──────── AVAILABLE DATA

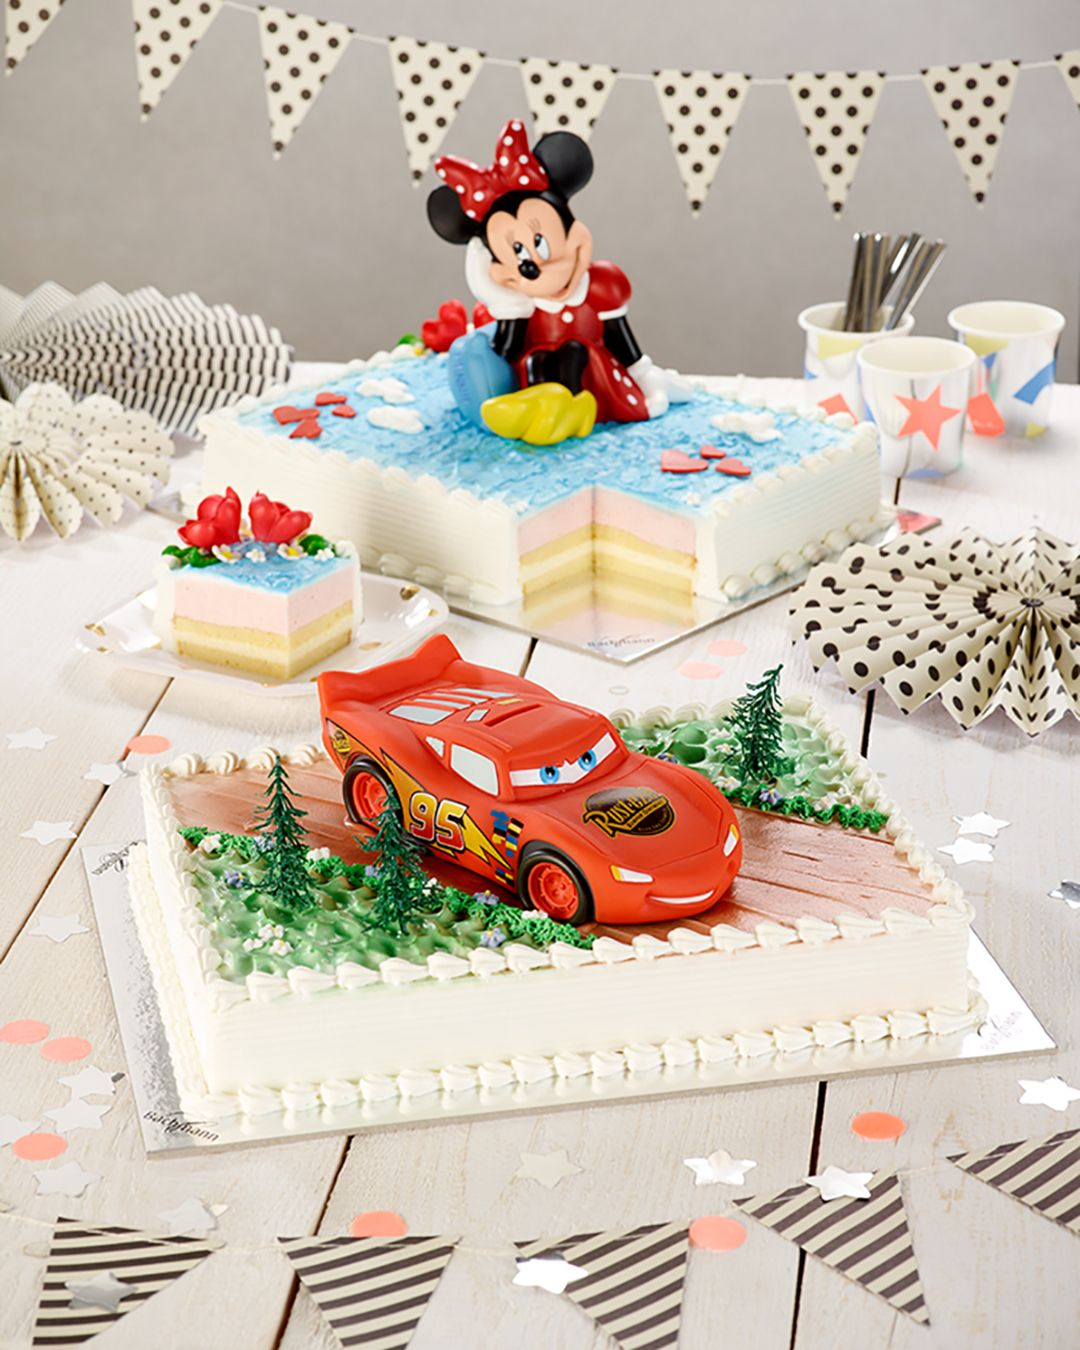 Torte Spielzeug
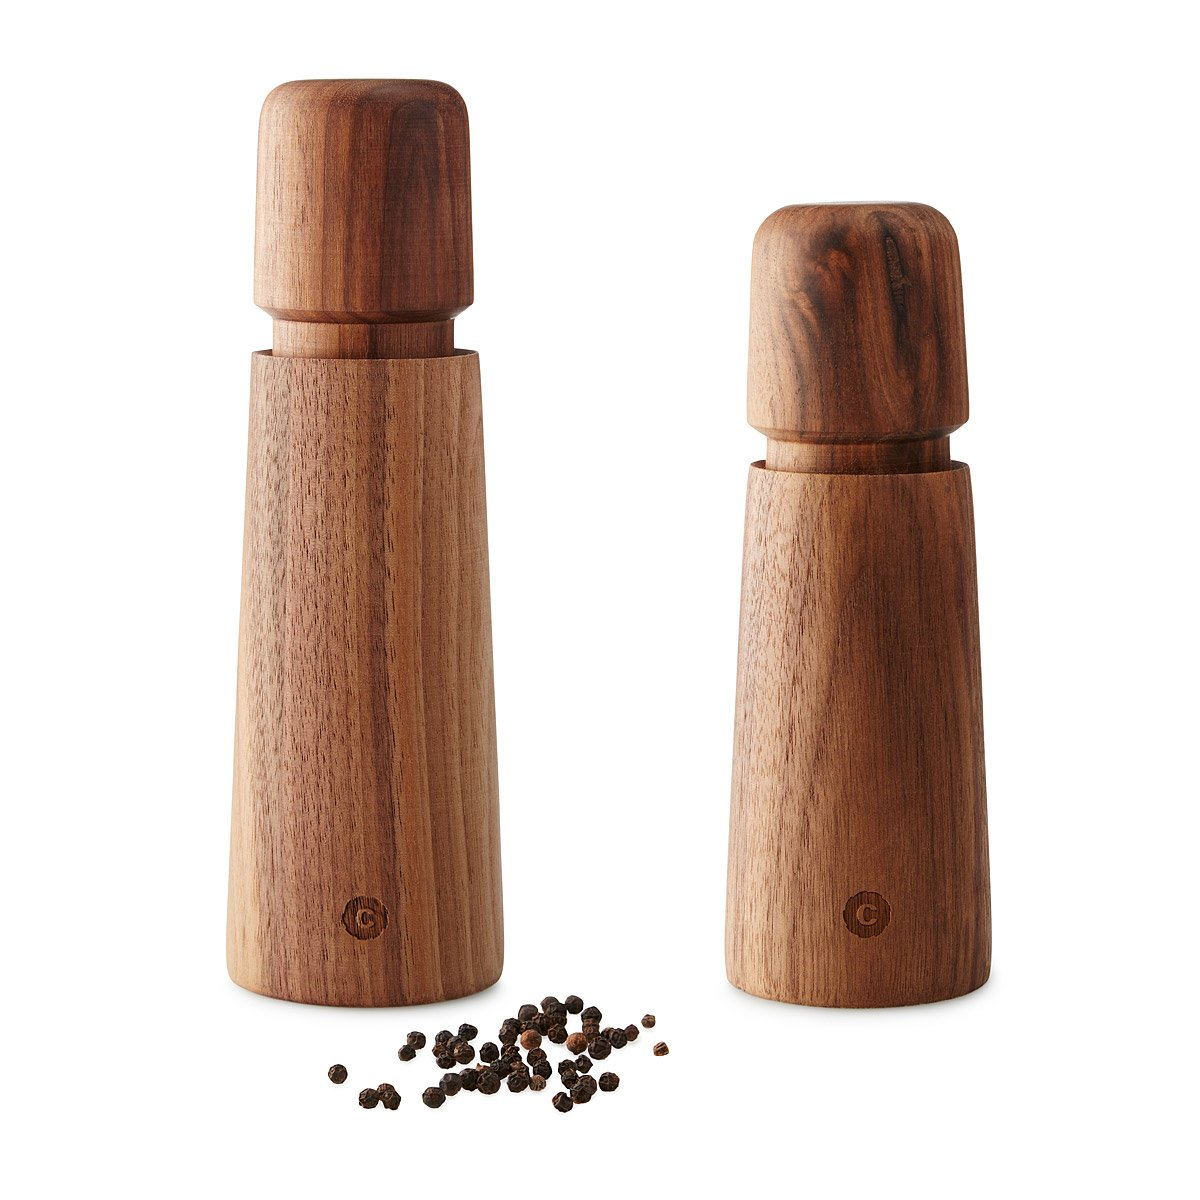 ocean reel salt and pepper mills  fishing decor salt and pepper  - push or twist salt or pepper grinders
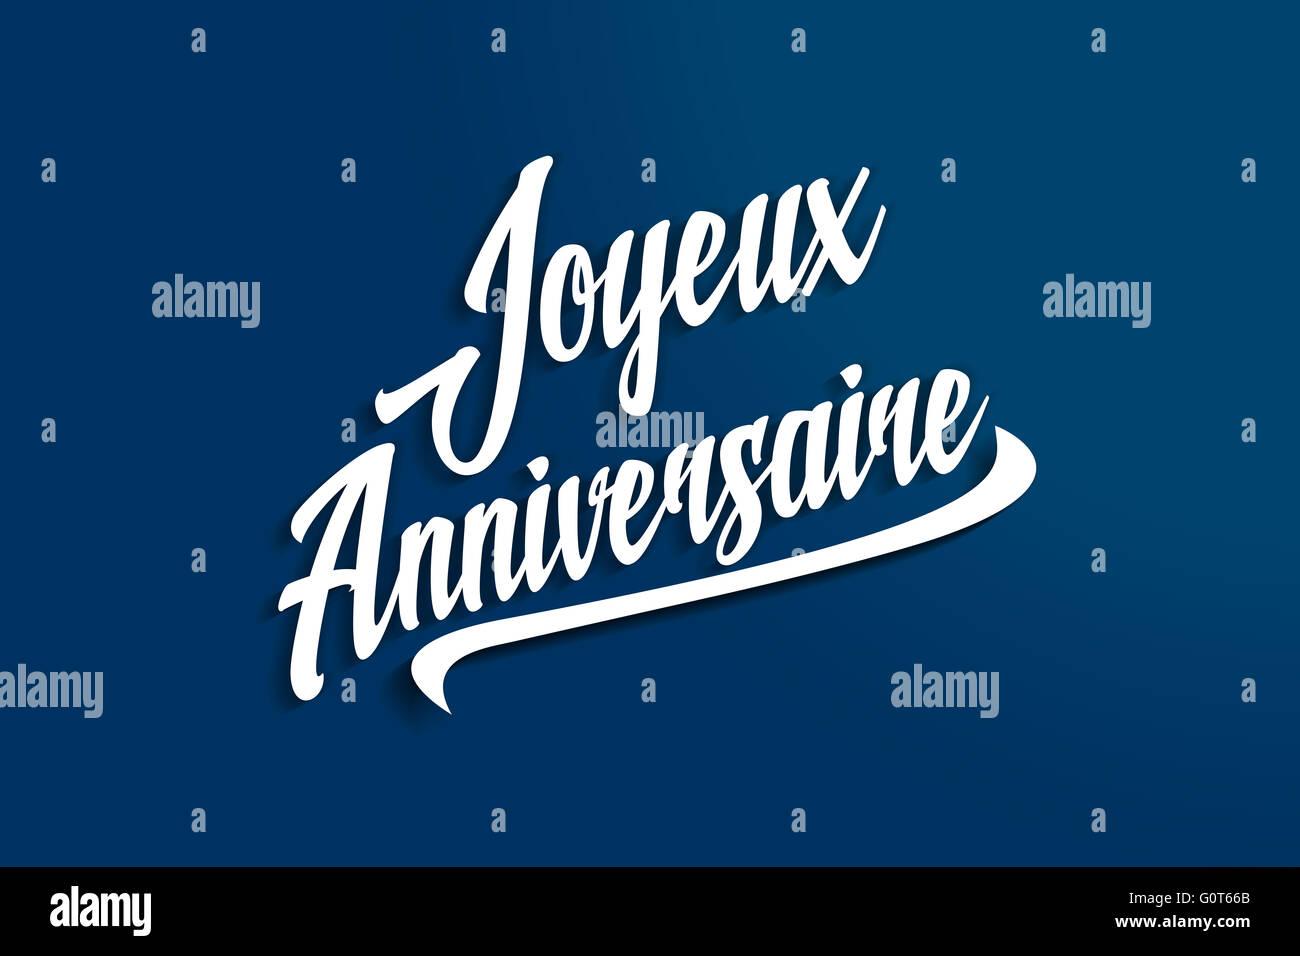 Joyeux anniversaire happy birthday in french anniversary joyeux anniversaire happy birthday in french anniversary greeting postcard illustration kristyandbryce Gallery
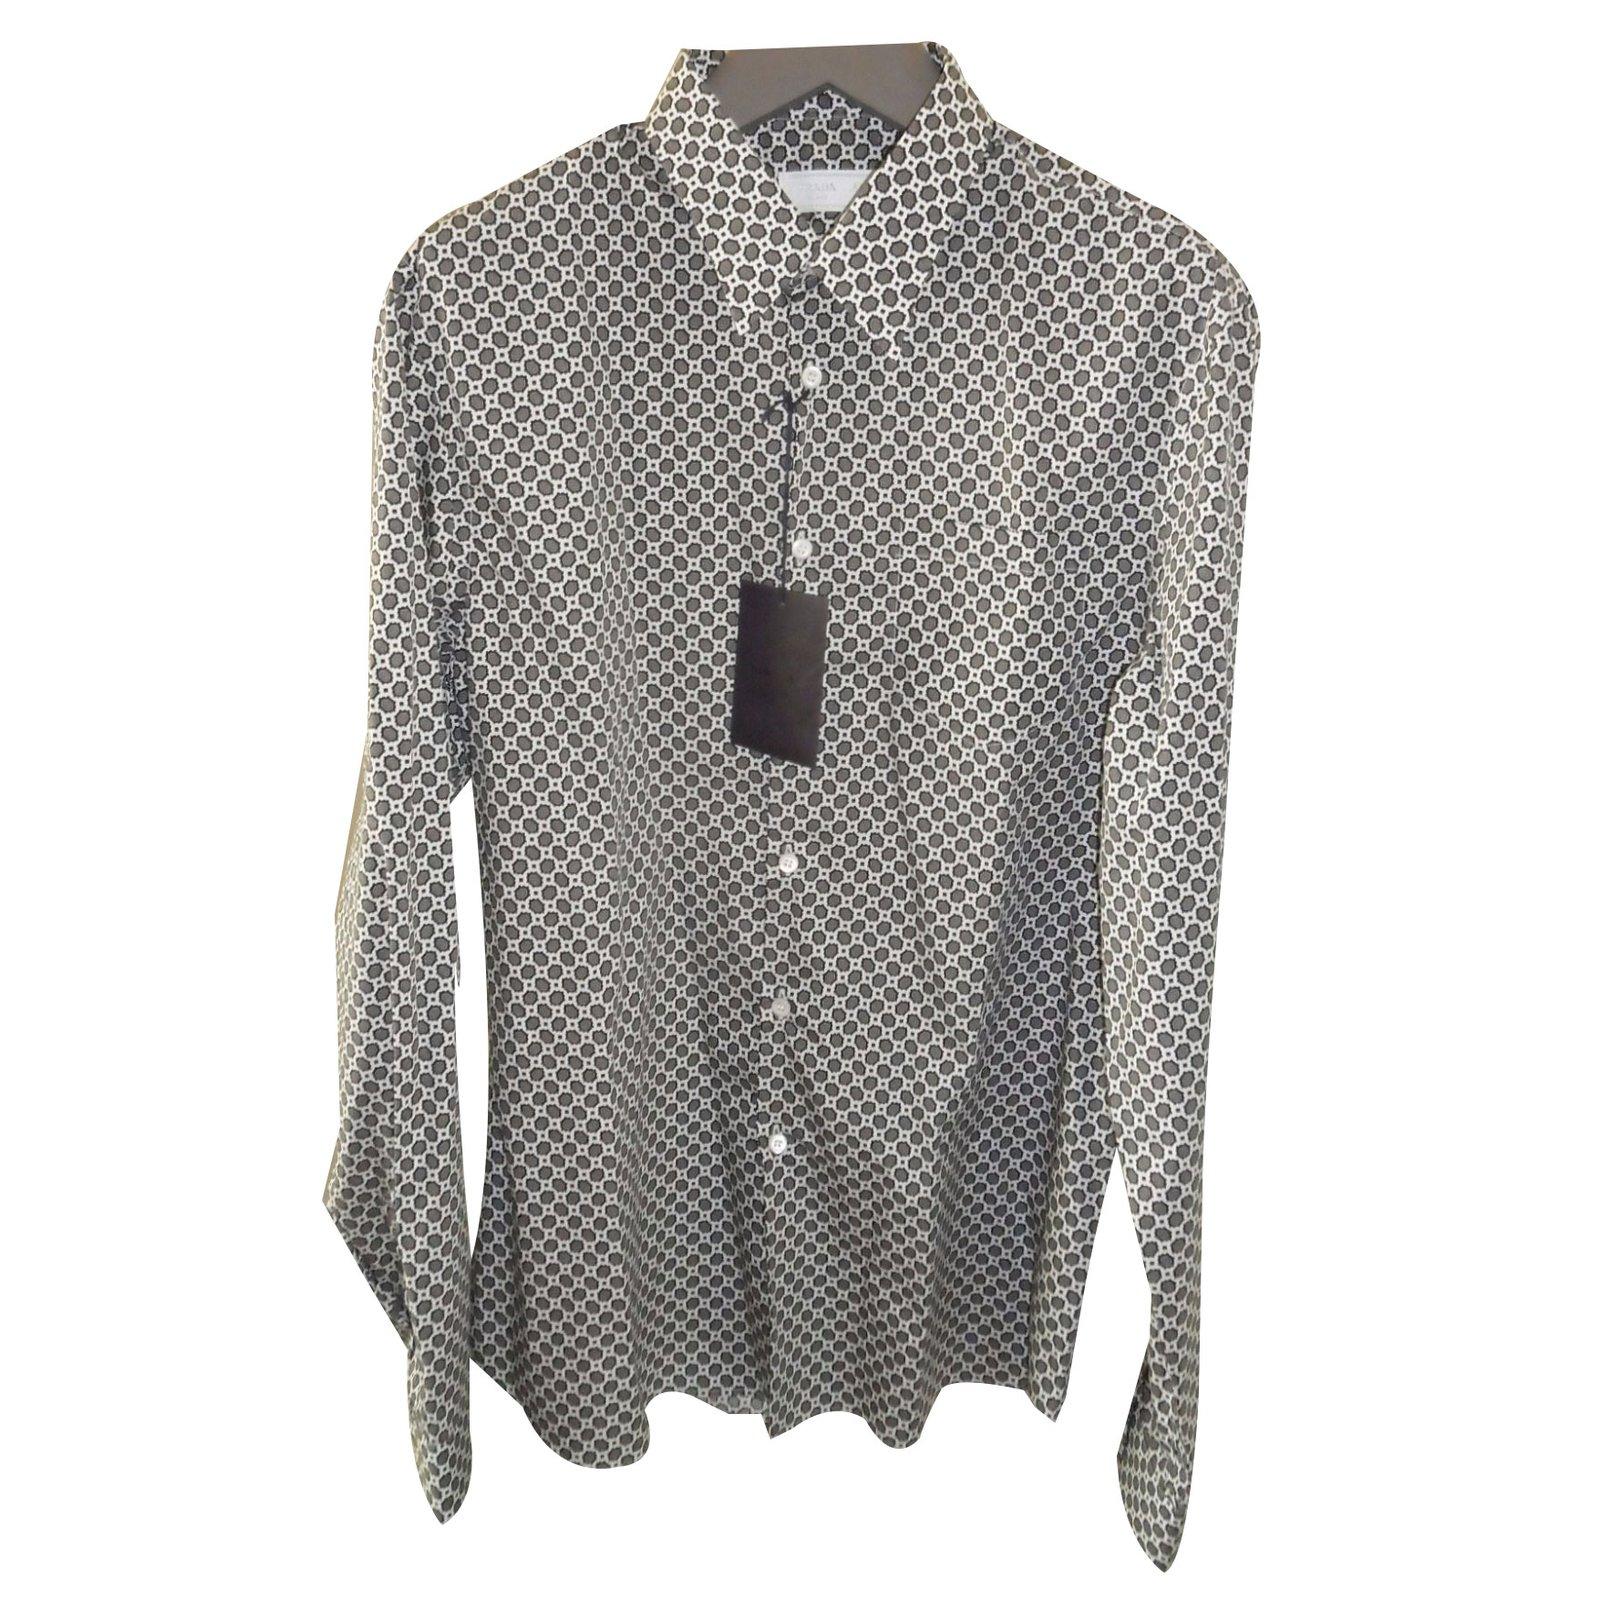 Prada Men S Dress Shirt Shirts Cotton Multiple Colors Ref 23171

────────────────

Return exactly the lines that begin with the one containing "Joyeux anniversaire happy birthday in french anniversary joyeux" and end with the final line of the data above; include no pictures.

## REPLY
 Joyeux anniversaire happy birthday in french anniversary joyeux anniversaire happy birthday in french anniversary greeting postcard illustration kristyandbryce Gallery
 Prada Men S Dress Shirt Shirts Cotton Multiple Colors Ref 23171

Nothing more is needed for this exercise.